# Windows Vista Umtausch möglich?



## tommi13 (9. März 2007)

Hallo,

ich weiß nicht, ob das hier hingehört, aber gut.
Ich habe mir einen neuen Rechner gekauft mit Windows Vista 64 Bit Premium.
Mein Problem ist, das ich die Version installiert habe, aber einige Spiele nicht mehr funktionierten.
Jetzt hab ich auf dem neuen Rechner wieder XP installiert und wollte Vista auf meinem alten Rechner installieren. Geht aber nicht, weil das eine 64 Bit Version ist.

Jetzt hab ich beim Händler gefragt, ob ich die Version gegen eine 32 Bit Version umtauschen kann. Da sagte er mir das das bei Betriebssystemen nicht geht. Ist das denn so richtig, oder gilt da nicht auch das ganz normale Rückgaberecht?

Danke schonmal im Voraus
tommi


----------



## Malaxo (9. März 2007)

Ich weiss nicht wie das in Deutschland ist.

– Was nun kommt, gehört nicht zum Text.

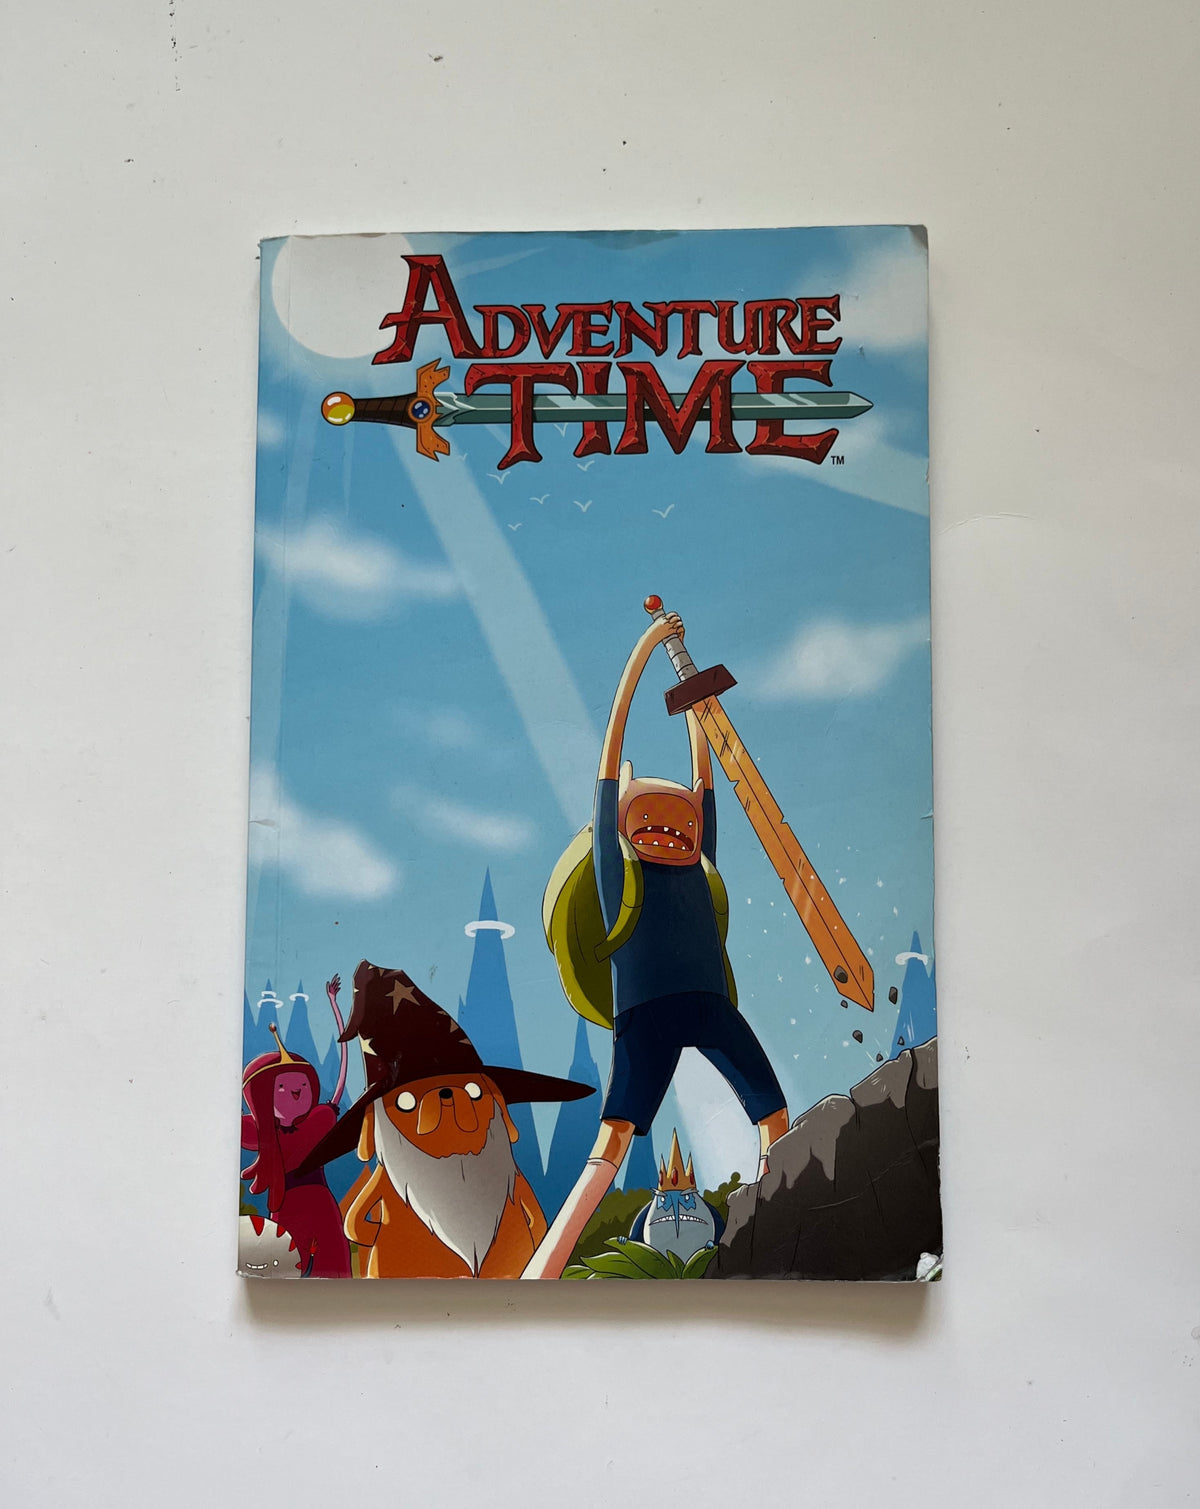 Adventure Time: Volume 5 created by Pendleton Ward

Ich denke aber nicht. Aber wenn der Handler keine Geschäftsbedingung hat wo das drauf steht kannst du trotzdem mal ein "A*loch" spielen und darauf beharren. Bis er dir genau zeigt das bei ihnen das nicht möglich ist. Evt. hast du Glück jedoch geb ich wenig Chance.

Stell dir mal vor, du kaufst ein Spiel machst dir eine Sicherheitskopie und schreibst den Key raus. Jetzt gehst du in den Laden zurück und willst es Umtauschen gegen ein gleichwertiges Spiel, mit der Behauptung deine Freundin hat dir so eben das gleiche Spiel gekauft. Beim Umtausch bekommst du ein anderes Spiel im gleichen Wert. Gehst nach Hause und entweder wiederholst du das ganze oder du hast schon 2 Spiele aber nur ein Spiel bezahlt. 
You Know?


----------



## Mark (9. März 2007)

Hi!

Vorweg: kenne mich überhaupt nicht aus.
Aber, wenn es ein Umtauschrecht bei "mangelhafter Ware" gibt, es sich bei einem Betriebssystem, daß die gewünschten Anforderungen nicht erfüllt um eben eine solche "mangehafte Ware" handelt, dann hat der Verkäufer umzutauschen...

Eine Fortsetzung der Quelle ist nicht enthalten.